Texas Education Agency v. T.F.G.

295 S.W.3d 398, 2009 Tex. App. LEXIS 6713, 2009 WL 2616250
CourtCourt of Appeals of Texas
DecidedAugust 27, 2009
Docket09-08-00514-CV
StatusPublished
Cited by6 cases

This text of 295 S.W.3d 398 (Texas Education Agency v. T.F.G.) is published on Counsel Stack Legal Research, covering Court of Appeals of Texas primary law. Counsel Stack provides free access to over 12 million legal documents including statutes, case law, regulations, and constitutions.

Bluebook
Texas Education Agency v. T.F.G., 295 S.W.3d 398, 2009 Tex. App. LEXIS 6713, 2009 WL 2616250 (Tex. Ct. App. 2009).

Opinion

OPINION

CHARLES KREGER, Justice.

After an acquittal on the charge of indecency with a child, T.F.G., appellee, was granted an expunction by the trial court. In two issues, appellant, Texas Education Agency, (“TEA”) appeals the trial court’s expunction order. We reverse the trial court’s order and remand the case for further proceedings.

BACKGROUND

T.F.G. was found not guilty of the charge of indecency with a child in a bench trial and subsequently filed a request for expunction. TEA was listed in the request for expunction as an agency believed to have records or files pertaining to T.F.G. in connection with the alleged offense and subject to expunction. See Tex.Code Cbim. PROC. Ann. art. 55.02, § 2(a)(8)(A) (Vernon Supp. 2008). TEA, however, was not given notice of the expunction hearing as required by the Texas Code of Criminal Procedure. See id. § 2(c). The expunction hearing was held on August 28, 2008. The trial court granted T.F.G.’s request for expunction and entered an expunction order, which stated, in pertinent part, that the listed agencies, including TEA, “shall return to this Court all files and records they have pertaining to [T.F.G.], arising out of the transaction of indecency with a child, an arrest on or about the 31st day of December, 2001, said arrest having been made by Beaumont Police Department.” TEA received a copy of the expunction order on September 15, 2008, and filed a motion for new trial shortly thereafter. The trial court denied TEA’S motion.
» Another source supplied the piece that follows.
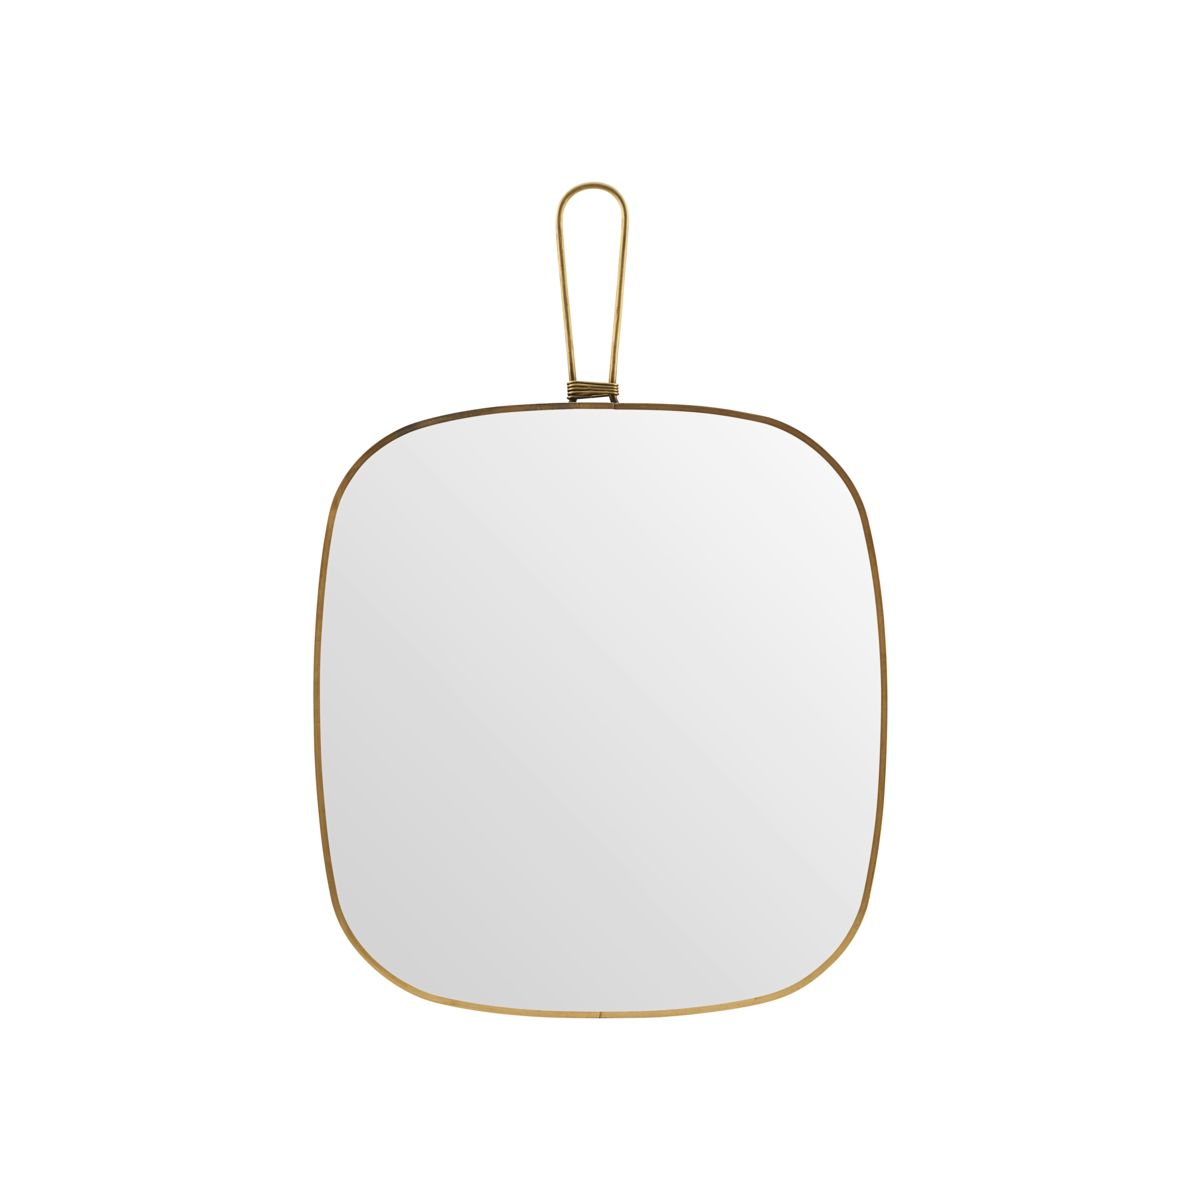 Køb Meraki Spejl Med Ramme 26×28 – Antik Messing

TEA moved for reconsideration of its motion for new trial and filed a memorandum of law in support of its motion for new trial. In its memorandum, TEA objected not only to lack of notice of the hearing, but also to the breadth of the trial court’s expunction order. TEA contended that while T.F.G. was not convicted of the underlying offense, upon presentation of evidence in an administrative hearing with a different standard of proof than “beyond a reasonable doubt,” the alleged conduct made the basis of his arrest may subject *400 his educator certification to sanctions pursuant to section 249.15 of the Texas Administrative Code. See 19 Tex. Admin. Code § 249.15 (2009) (State Bd. for Educator Certification, Disciplinary Proceedings, Sanctions, and Contested Cases). TEA agreed that any reference to T.F.G.’s arrest should be expunged but argued that not all records in its possession regarding T.F.G.’s conduct should be subject to the expunction order. The trial court granted the motion for new trial and held another hearing on T.F.G.’s motion to expunge on October 27, 2008. TEA was represented by counsel through the Texas Attorney General’s Office at the hearing.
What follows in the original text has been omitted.